Si l’autotest – réalisé par un frottis nasal moins profond que lorsque ce test antigène est effectué par un professionnel de la santé – s’avère positif, ce résultat devra toujours être confirmé par un test PCR. S’il est négatif, une confirmation ne sera pas nécessaire. Les autotests affichent une fiabilité moindre que les PCR mais sont utiles pour mettre en évidence les personnes hautement infectieuses, les « superpropagateurs », a expliqué Mme Schirvel.

Les autotests ne pourront être réalisés par les enfants de moins de 12 ans, ce sont leurs parents qui devront effectuer le prélèvement et en analyser le résultat. Herman Goossens, président de la taskforce testing, a aussi signalé que la température de conservation de ces autotests pouvait influencer leur fiabilité. Le mieux est de les garder dans une armoire, à une température comprise entre 15 et 25ºC.

Par ailleurs, depuis la semaine dernière, les entreprises peuvent demander gratuitement au fédéral des tests antigéniques rapides pour tester, de manière préventive, leur personnel qui ne peut télétravailler. Ce dépistage doit être réalisé de manière répétée. En une semaine, 50.000 tests ont déjà été demandés, « ce qui est encourageant », a commenté Mme Schirvel. À terme, 150.000 tests par semaine pourront être fournis.

Ces tests rapides, encadrés pour les entreprises par la médecine du travail, peuvent être réalisés par un médecin ou un membre du personnel infirmier ou encore, après une formation, par tout professionnel de la santé. À nouveau, le résultat est obtenu dans le quart d’heure et ne doit pas être envoyé au laboratoire pour analyse.

Le gouvernement fédéral met à disposition gratuitement ces tests antigènes rapides jusqu’au 1er mai. Le but est de « donner une impulsion » à un dépistage préventif répété dans les entreprises, a souligné la commissaire adjointe du gouvernement. Le fédéral dispose de 570.000 tests antigènes rapides et a lancé des commandes européennes pour plus de 500.000 unités supplémentaires, a ajouté le ministre.

La première ligne de défense contre l’épidémie de coronavirus reste cependant les tests PCR, ont insisté le ministre Vandenbroucke et la commissaire adjointe du gouvernement, Mme Schirvel. Il s’agit du type de dépistage présentant la plus haute fiabilité. En cas de symptômes du coronavirus ou d’un contact à risque, il est indispensable de se faire tester, dans un centre de dépistage ou auprès de son médecin généraliste. En outre, ces tests PCR détectent les variants du virus, au contraire des autotests.

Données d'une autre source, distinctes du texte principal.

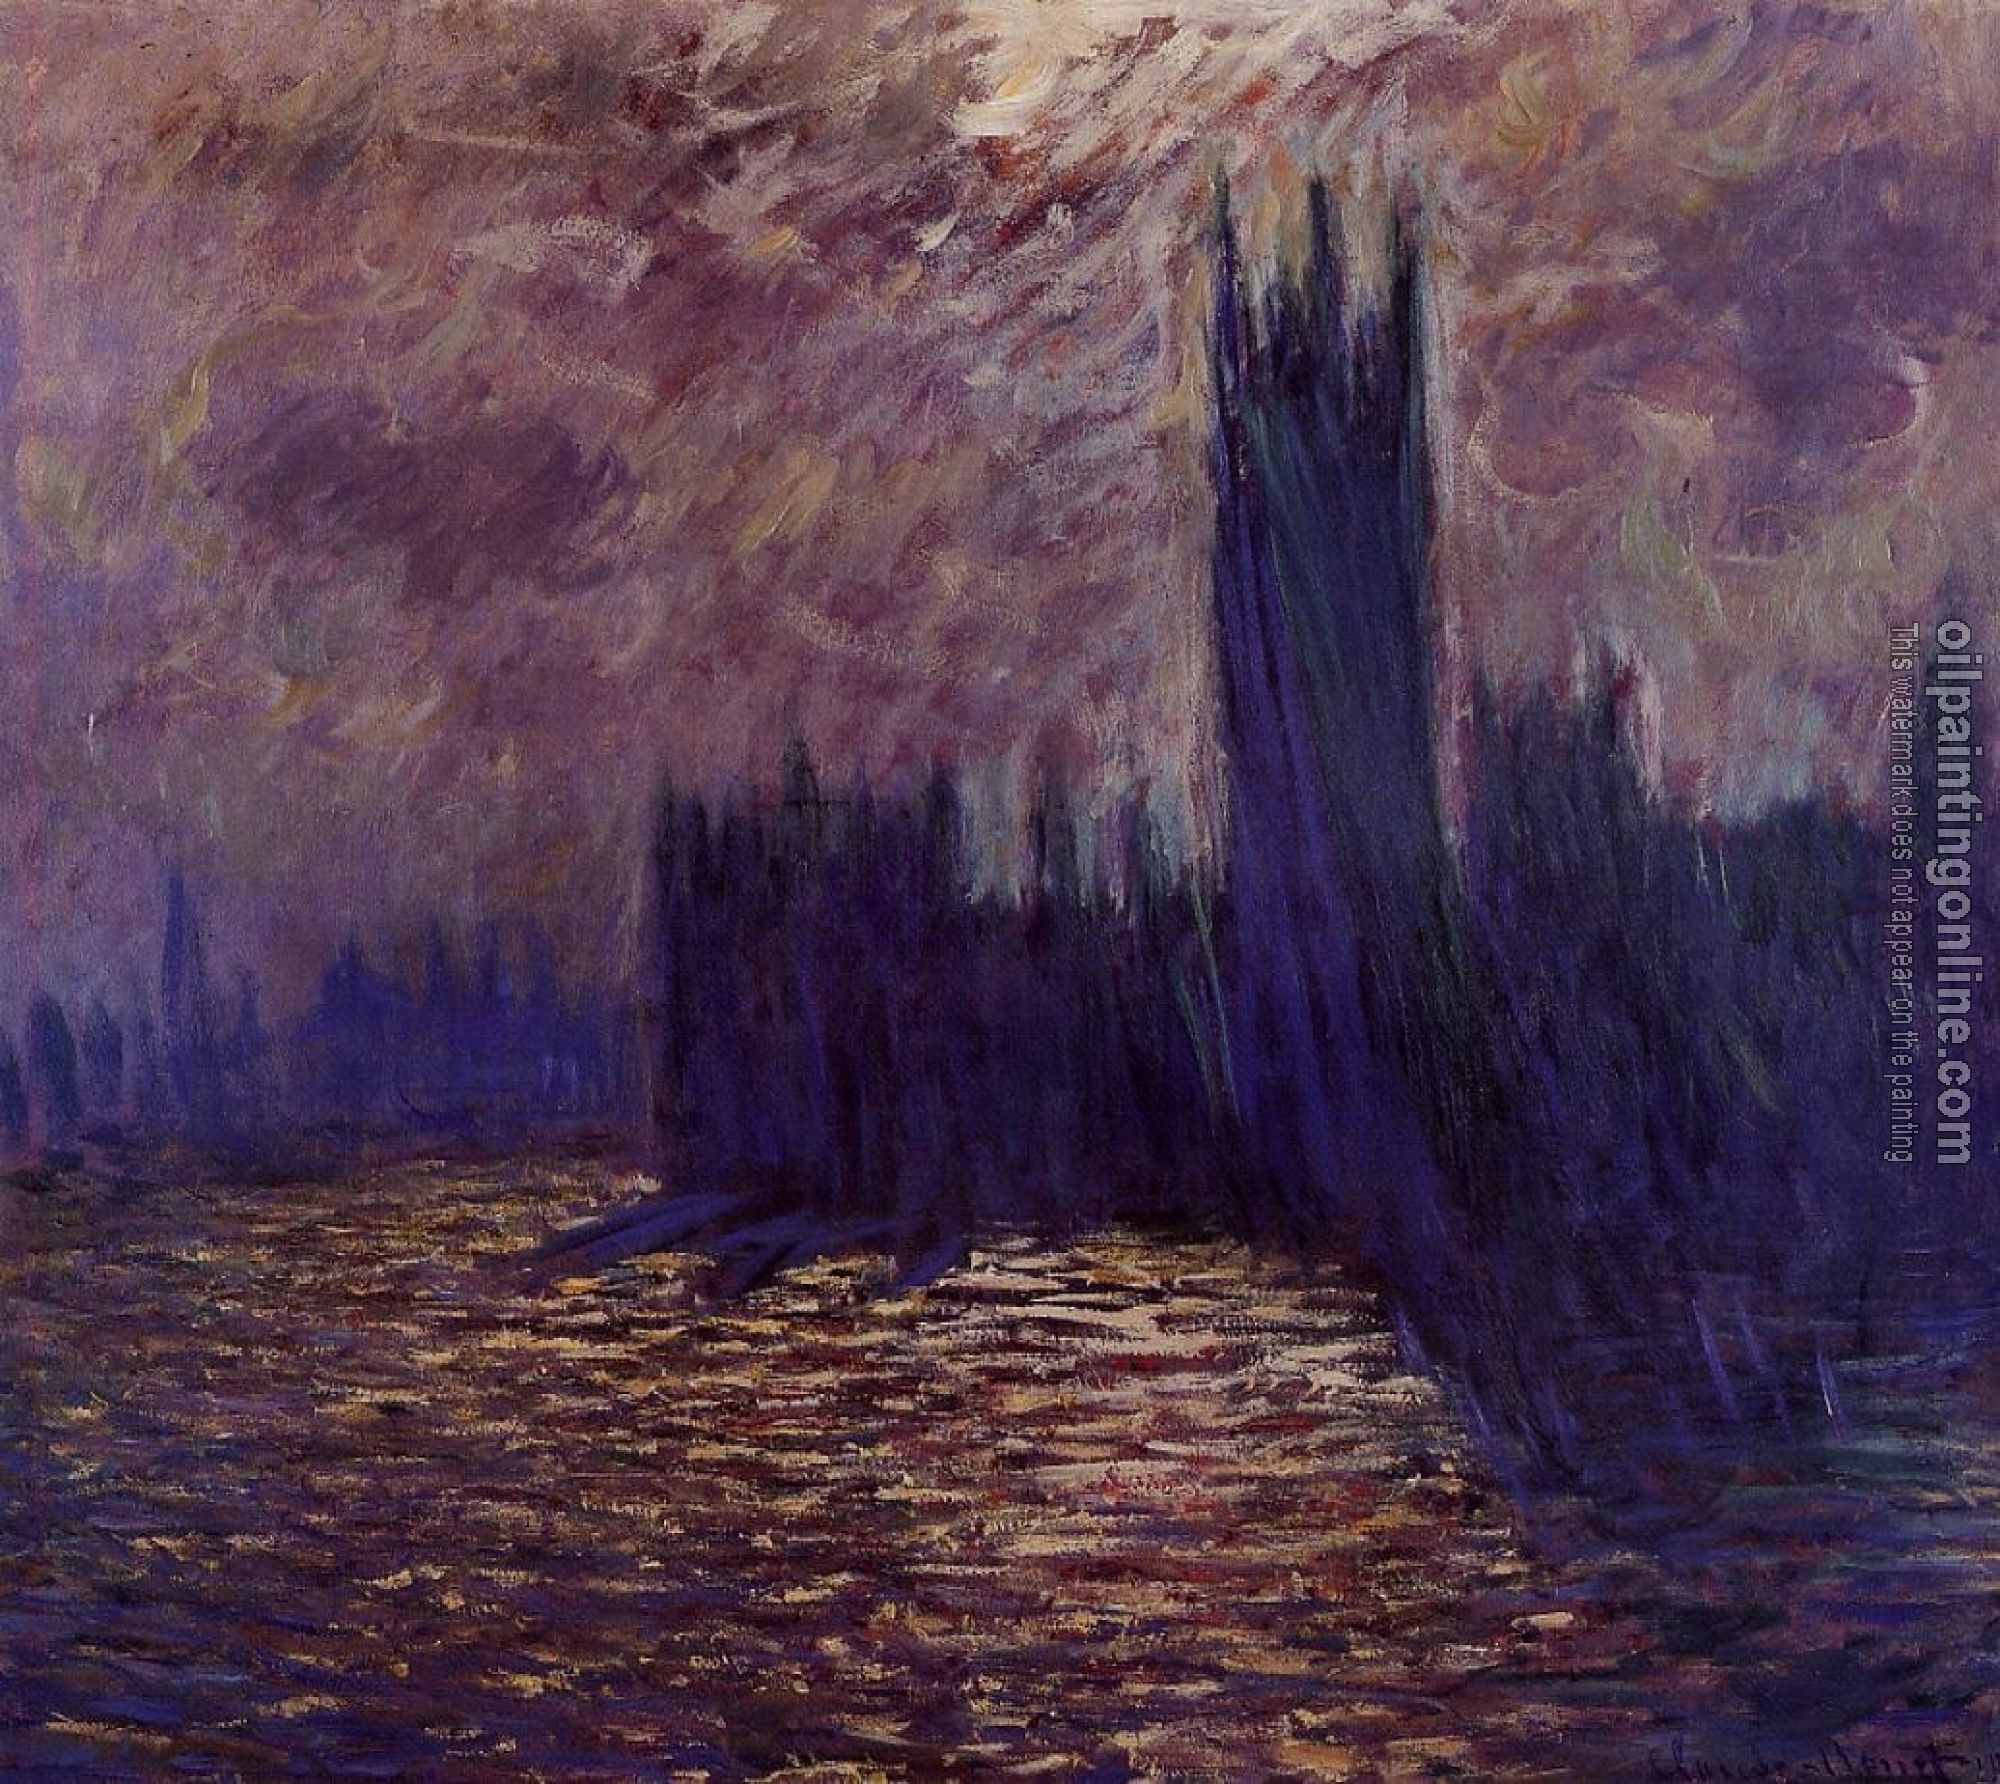 Monet, Claude Oscar - Houses of Parliament, Reflection of the Thames

Concernant les tests salivaires, ils doivent, pour l’instant, toujours être analysés en laboratoire, comme les tests PCR, ont expliqué les intervenants. Leur fiabilité ne permet pas (encore) un résultat rapide. Le ministre de la Santé a par ailleurs annoncé que les projets-pilotes de tests salivaires dans l’enseignement seraient évalués dans les prochains jours.